Enquanto isso, a segunda viatura com o prisioneiro deixou a delegacia sem fazer alarde, seguindo tranquilamente para a Ayrton Senna, acompanhada pelas outras dez unidades da ROCAM. Se não fossem as motos teria passado despercebida.

Um helicóptero da TV percebeu a segunda comitiva e deu o alarme ao vivo, em rede nacional. Deduziram o plano e o destino. Ao ouvir a notícia, outro grupo de curiosos, não tão sóbrios, partiu em direção da autoestrada, iniciando a perseguição. No centro da cidade e na Zona Norte, os que estavam assistindo ao noticiário resolveram conferir por conta própria e uma nova multidão começou a se formar em volta da Avenida Tiradentes.

Por volta das vinte horas São Paulo havia voltado ao normal, com enormes engarrafamentos no Centro, Zona Norte e Zona Leste, milhares de pessoas zanzando pelas ruas sem ter o que fazer e muitos desocupados tentando aliviar a tensão dos últimos dias. Bares e lanchonetes reabriram, aproveitando a oportunidade e a existência de clientes.

A segunda viatura e as motos precisaram passar por cima do canteiro central, se desviando das barracas sendo armadas nas calçadas, para conseguir entrar no quartel e guardar o passageiro. Um rapaz atlético quase foi atropelado, mas levou na esportiva: — Se tem um preso político aqui, merece nossa solidariedade. Vamos acampar até amanhã cedo. Ficar em casa está muito chato.
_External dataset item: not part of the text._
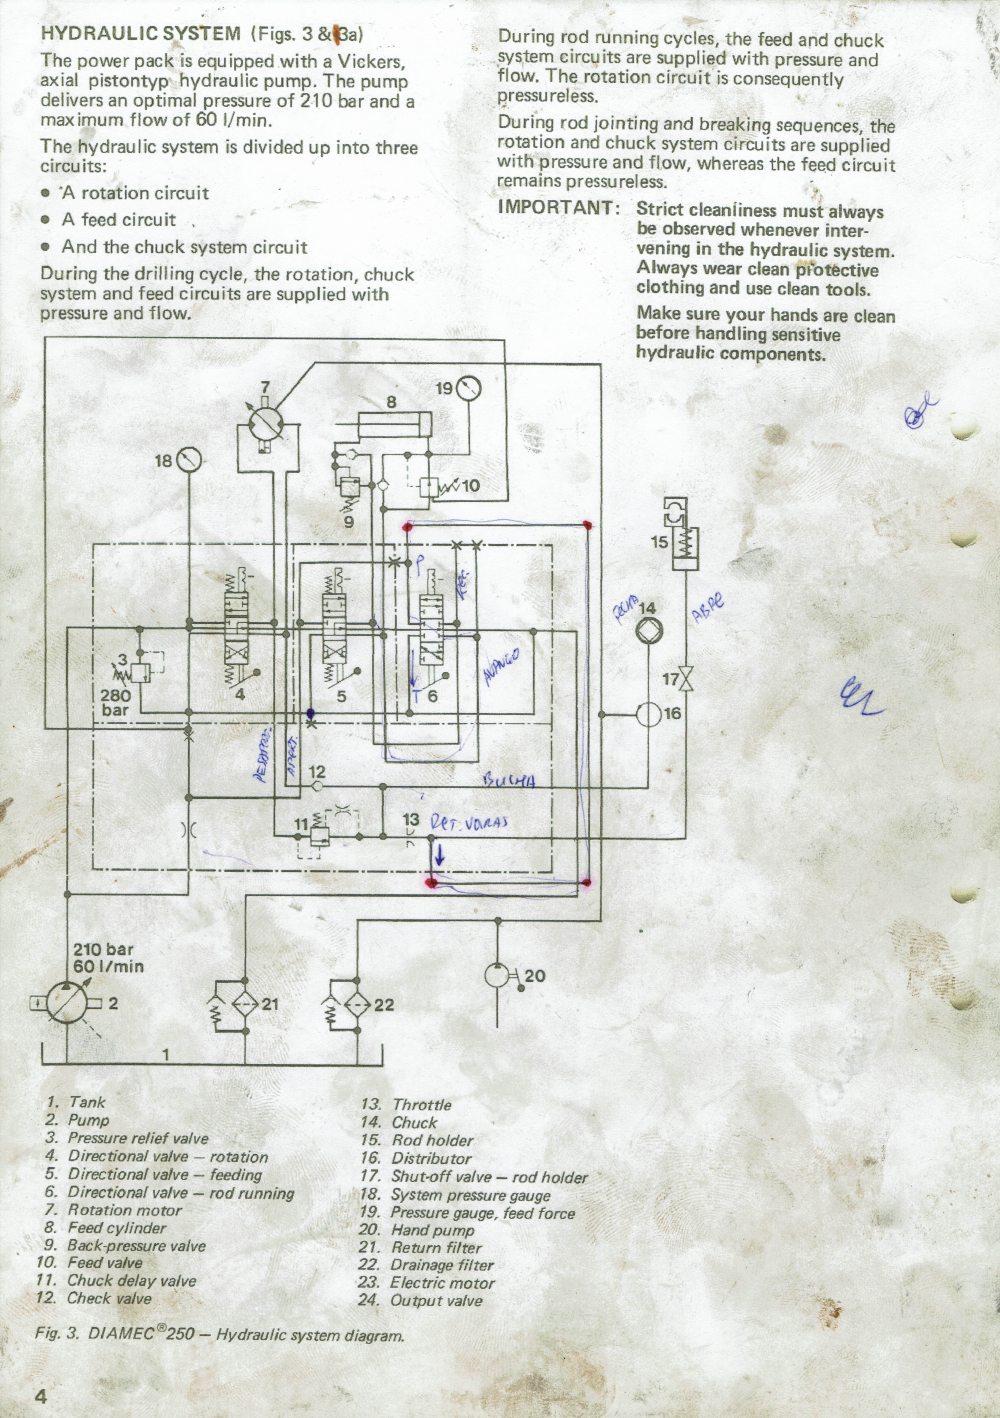 medium resolution of hydraulic control panel for diamec 250 core drilling rig based on danfoss pvg32 valve

Eram vinte e duas horas quando começaram a ser transmitidas as notícias das primeiras mortes. De todos os tipos e pelas mais variadas razões. Acidentes trágicos na autoestrada e nos engarrafamentos, linchamento de pessoas que espirraram, enforcamento de pessoas com máscaras mal amarradas, disputa de espaço entre fãs de forró e de funk terminando em conflitos sangrentos, ingestão de álcool-gel, brigas generalizadas entre bêbados... A noite estava apenas começando. Isso sem falar nos recém contaminados pelo Corona vírus, como resultado de apenas um dia sem respeitar a quarentena.

Nos fundos do quartel da ROTA, dentro de uma cela pequena, um homem solitário continuava sério e taciturno, com o rosto semiescondido pela sombra dos chifres. Sereno. Alisava o cavanhaque, enquanto a ponta do rabo dançava entre os cascos fendidos.

Exatamente à meia noite, a expressão dele começou a mudar, ameaçando um leve sorriso. A gargalhada infernal vitoriosa pode ser ouvida até no Rio de Janeiro, distante mais de mil e quinhentos quilômetros.